はな。中身はドラゴンじゃぞ。ドラゴンとしての誇りは忘れてはおらん」

「だけど、ドラゴンの時のような圧倒的強さが無い。だから俺を連れてきたんだろう? なにかあった時の護衛として」

「ふっ。よく分かっておるではないか。では行くぞ。ニュータルクの村へ。場所は昔と変わっておらぬよな?」

「いや、その昔がどれぐらい昔か分からないから……」

「あっちか?」


 ジャミスはニュータルク村がある方を指さした。方角は合っている。


「ま、ここに何かが通った跡があるからな。それで分かったのじゃが」

 ニュータルク村がある方角の地面を見ると、確かに小さな道が出来ていた。来る時は、そんなこと気にしていなかった。何人もの冒険者が通り、自然と道が出来たのだろう。

 この道を帰った者は少ないのだが。


「さ、行こうかの」

「ああ」


 クリプスとジャミスはニュータルク村へ向けて歩き出した。

 日差しは暖かく、草たちを撫でていく風で柔らかな音が奏でられている。地下迷宮では体験出来ない感覚に、外に出てきたんだと実感する。


(ああ、外っていいなぁ……)


 と思っていたのも束の間。

 しばらく歩くと、


「へへへへへ……」

 大柄の男二人が、道を塞ぐように立っていた。


「いい装備持ってんじゃんか、兄ちゃんよぉ」

 ダガーを持った男が言う。


「そっちの姉ちゃんは……上物だな。へっへへへへ……」

 下品な目つきをした、スティレットを持った男が言う。


 盗賊だった。

 盗賊が持っているのは、どちらも短剣の一種だが、鎧の隙間から刺せるような武器だ。パワー馬鹿な盗賊では無いと思われる。

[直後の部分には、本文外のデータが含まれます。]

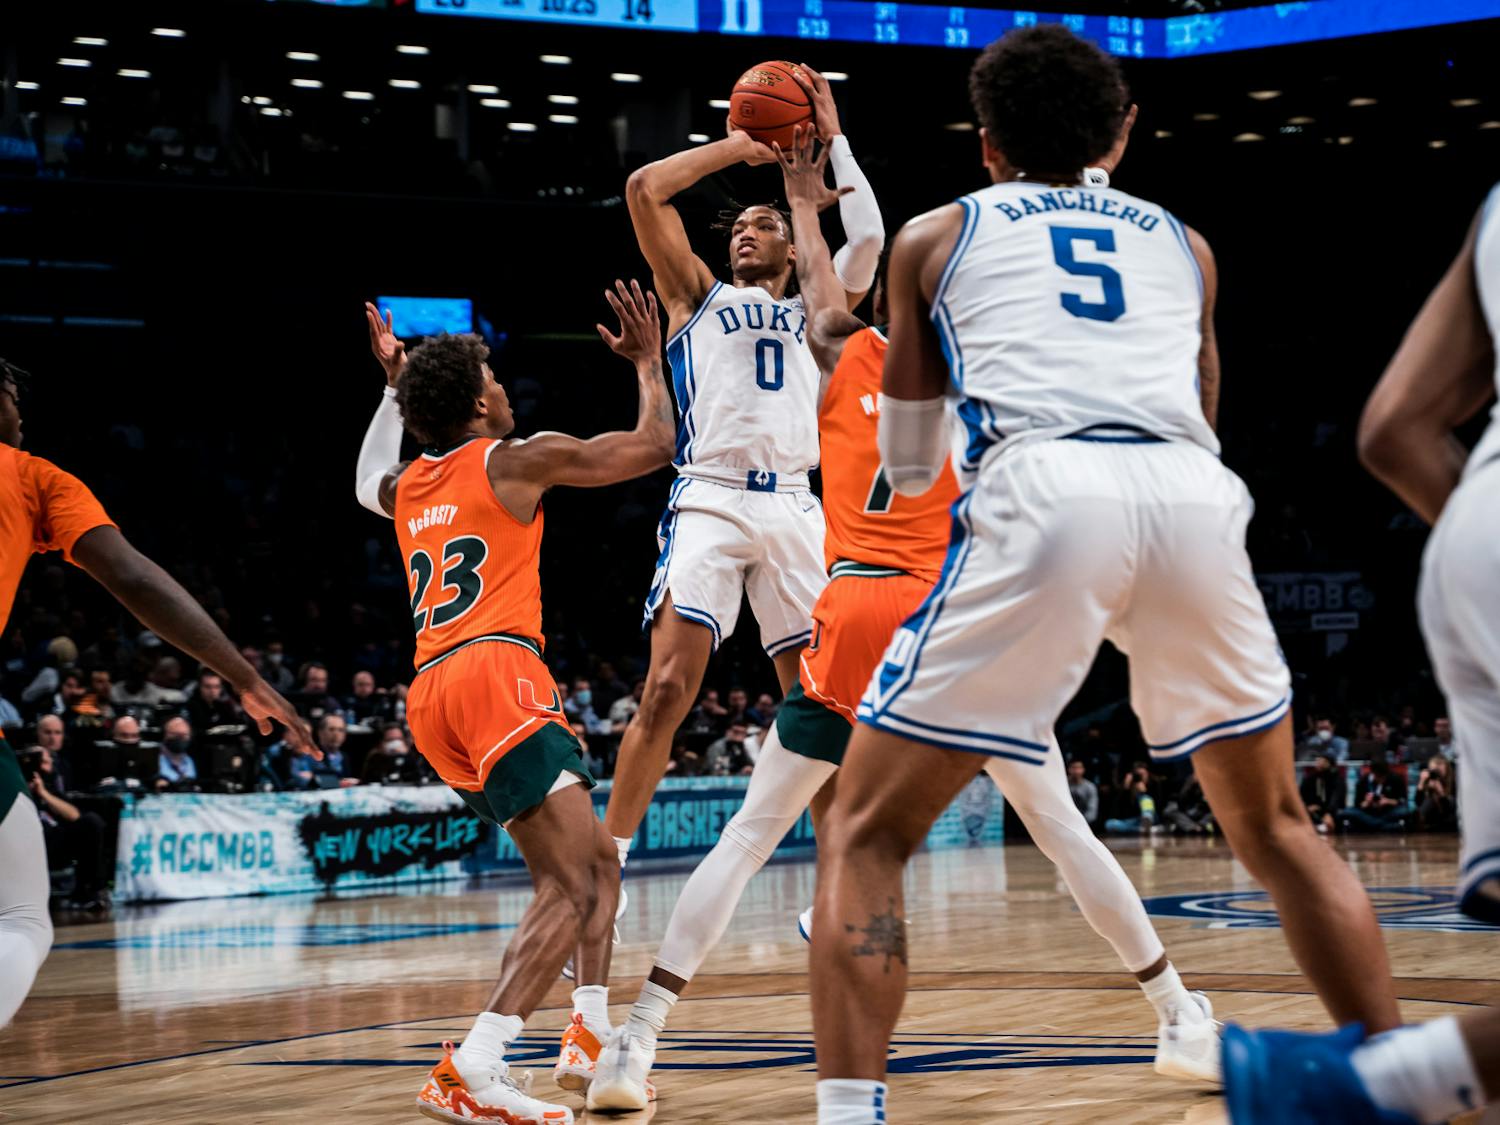 Wendell Moore Jr. took over late against Miami to help Duke advance to the championship game of the ACC tournament.

 クリプスにとって盗賊は初めてではないし、襲撃されれば撃退している。

(大丈夫。怖くは無い)

 クリプスはソードを抜き、盗賊とジャミスの間に立って構えた。


「おっ? 女の前で騎士ナイト様気取りかぁ?」

「そんな汚い目でジャミスを見るな!」

「汚い目じゃないよぉ? おいしそうなものを見る目だよぉ? へっへへへへ……」

 声が完全にふざけている。下に見られているようだ。

 きっと、失敗したことは無いのだろう。

 腕に自信がある。もしくは、確実に勝てる相手だけを襲っているか。


 残念だが、こいつらの盗賊生活はここで終わりだ。ジャミスや他の冒険者を守るためにも、退治しておいた方がいいだろう。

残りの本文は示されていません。